-- WHAT IS BEING ASKED --
Wherever a picture appears in the listing below, leave it out and reproduce the rest exactly.

-- MATERIAL PROVIDED --
▶
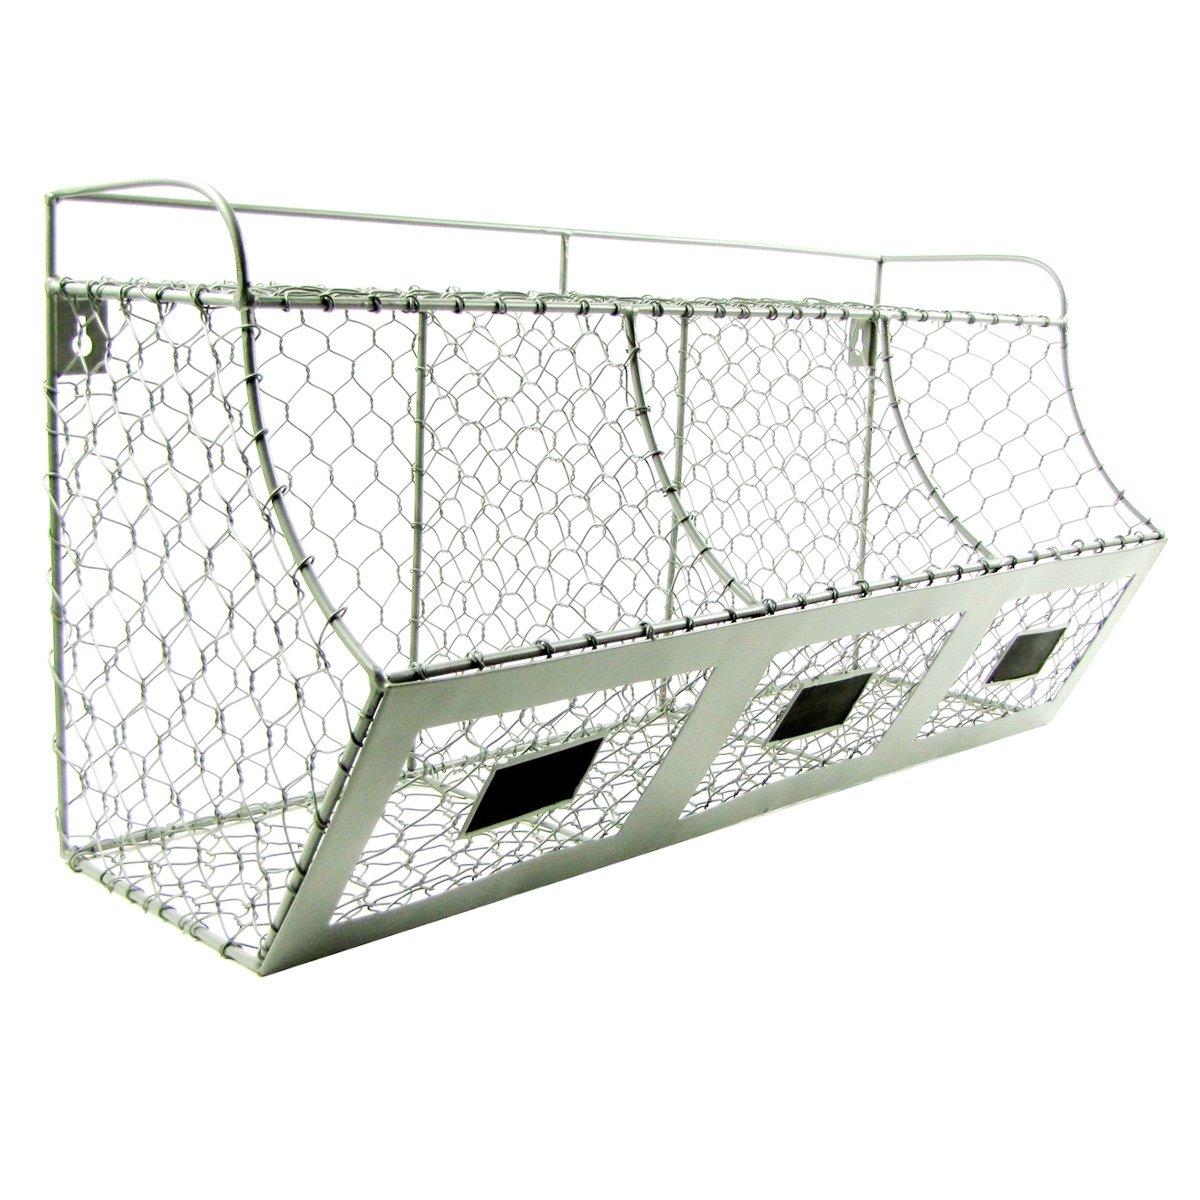 Amazon.com: Rustic Chicken Wire Wall Storage 3 Bin Basket Primitive ...
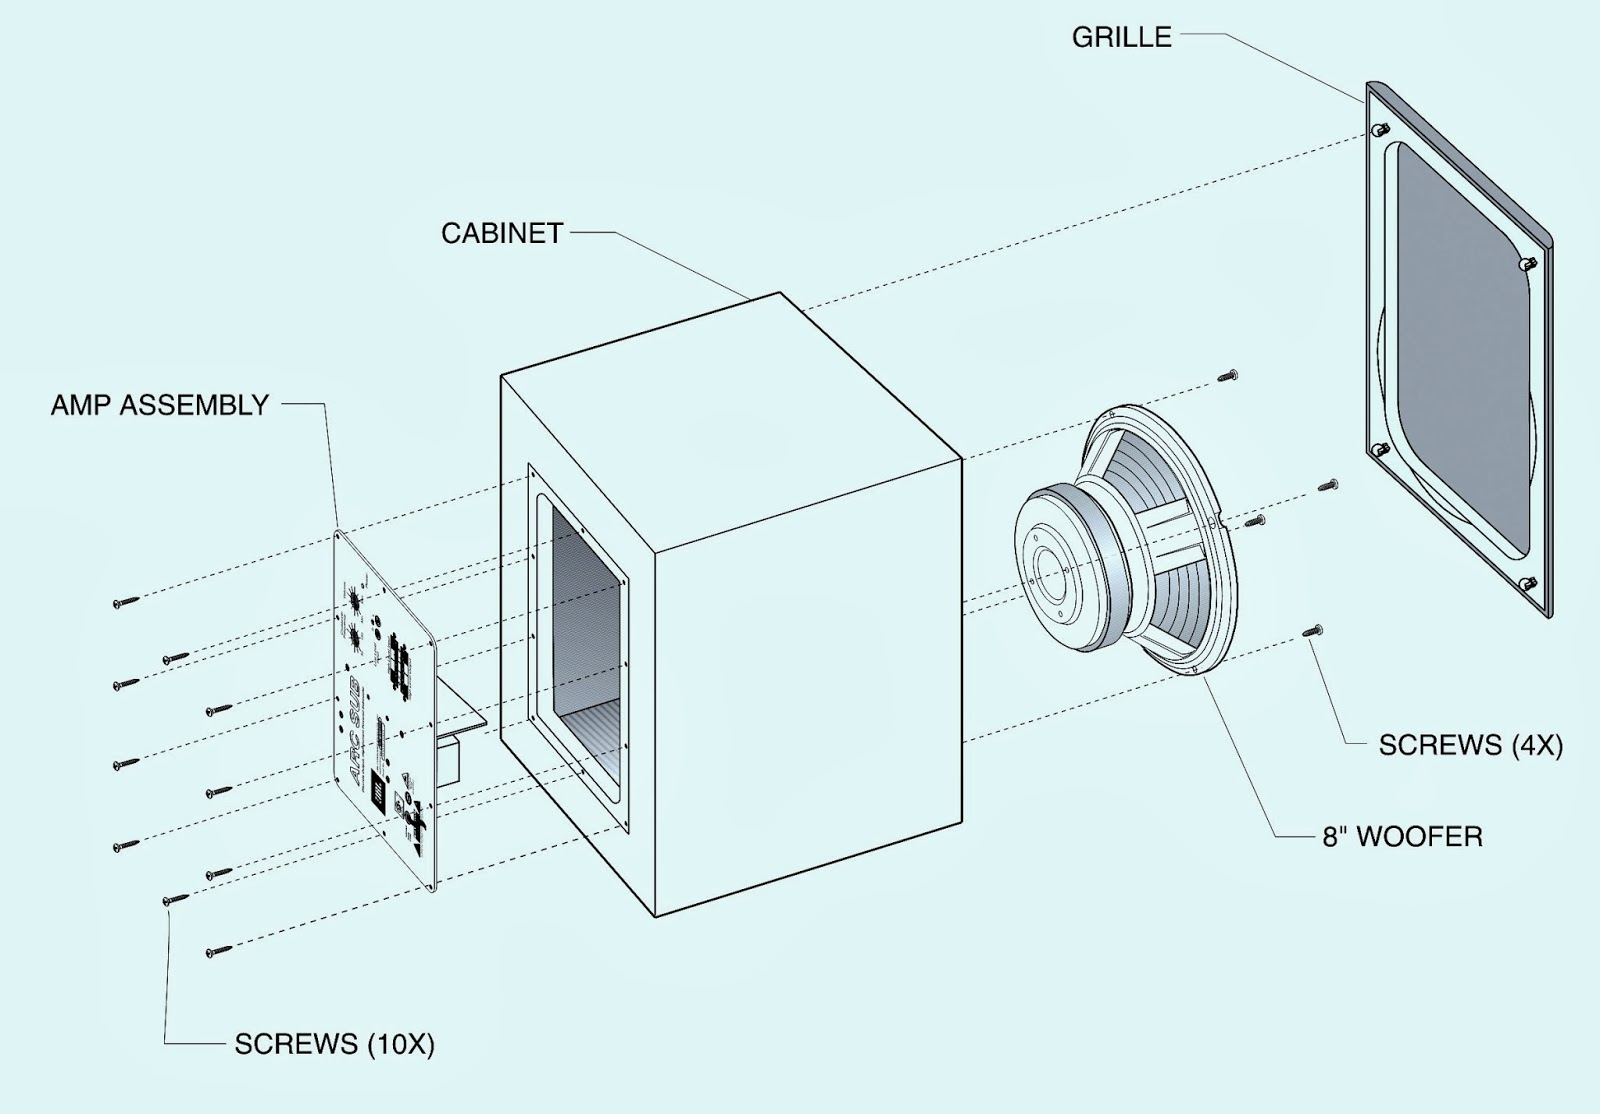 jbl arc sub test procedure schematic diagram circuit diagram jbl arc [ 1600 x 1114 Pixel ]
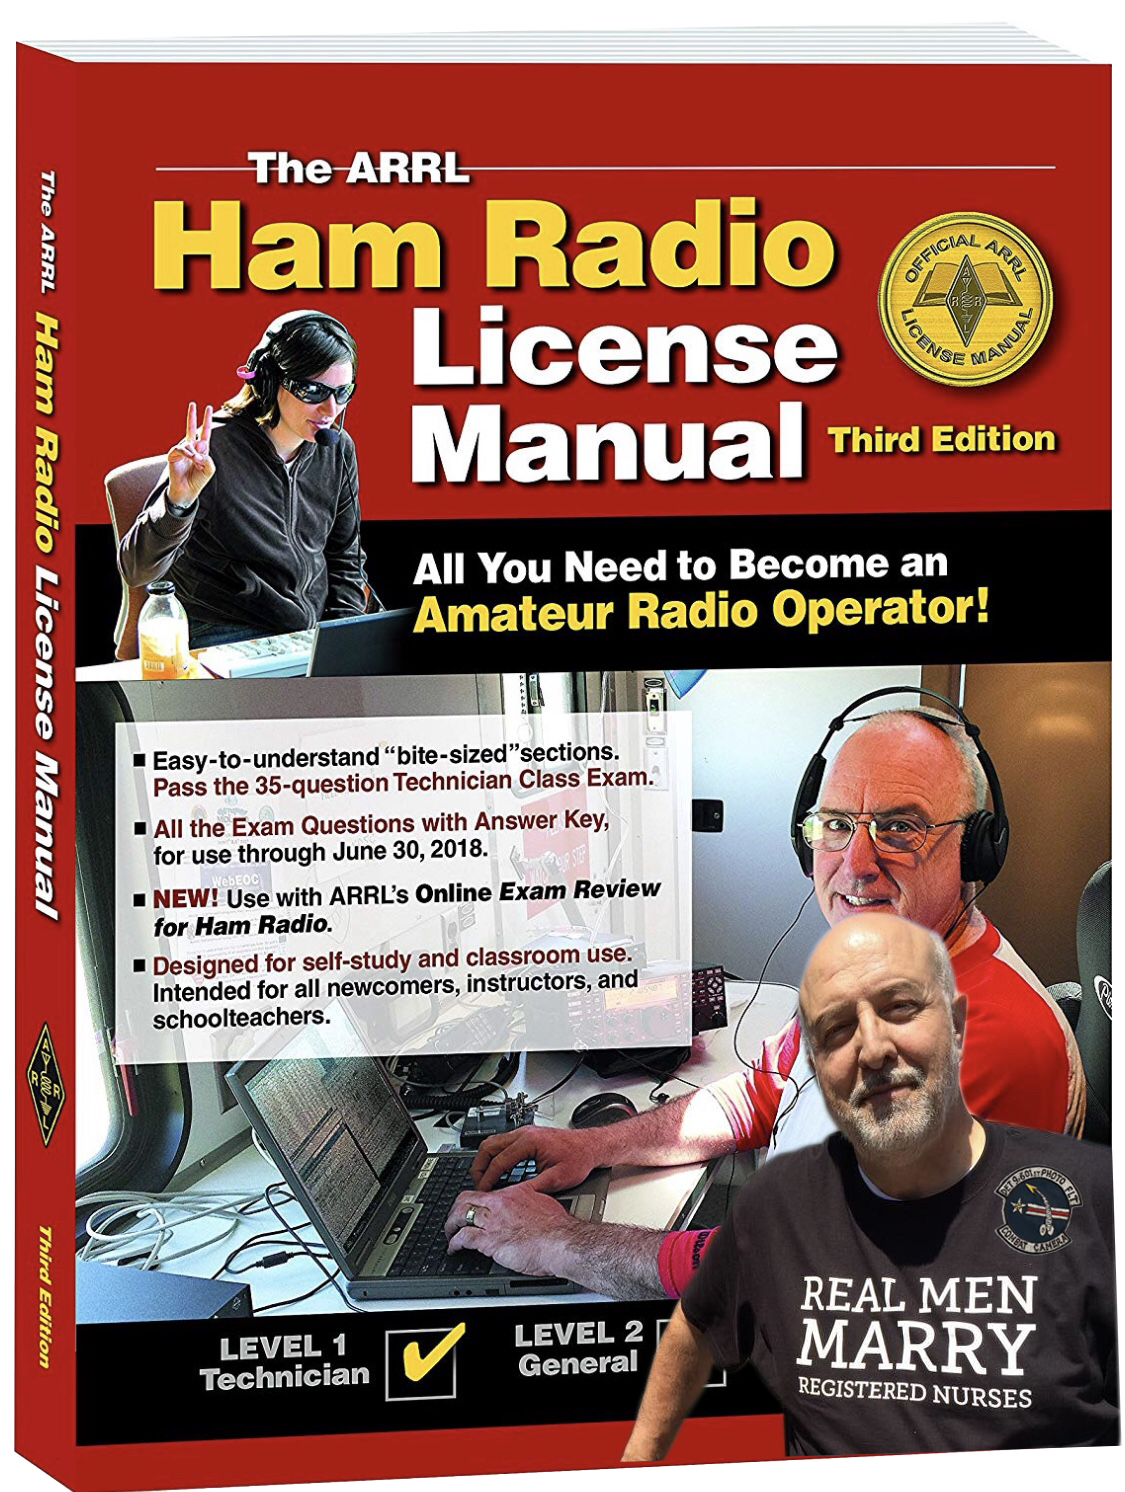 tech-traing-book.png
◀
-- SOLUTION FOR THIS TASK --
 Amazon.com: Rustic Chicken Wire Wall Storage 3 Bin Basket Primitive ...
 jbl arc sub test procedure schematic diagram circuit diagram jbl arc [ 1600 x 1114 Pixel ]
 tech-traing-book.png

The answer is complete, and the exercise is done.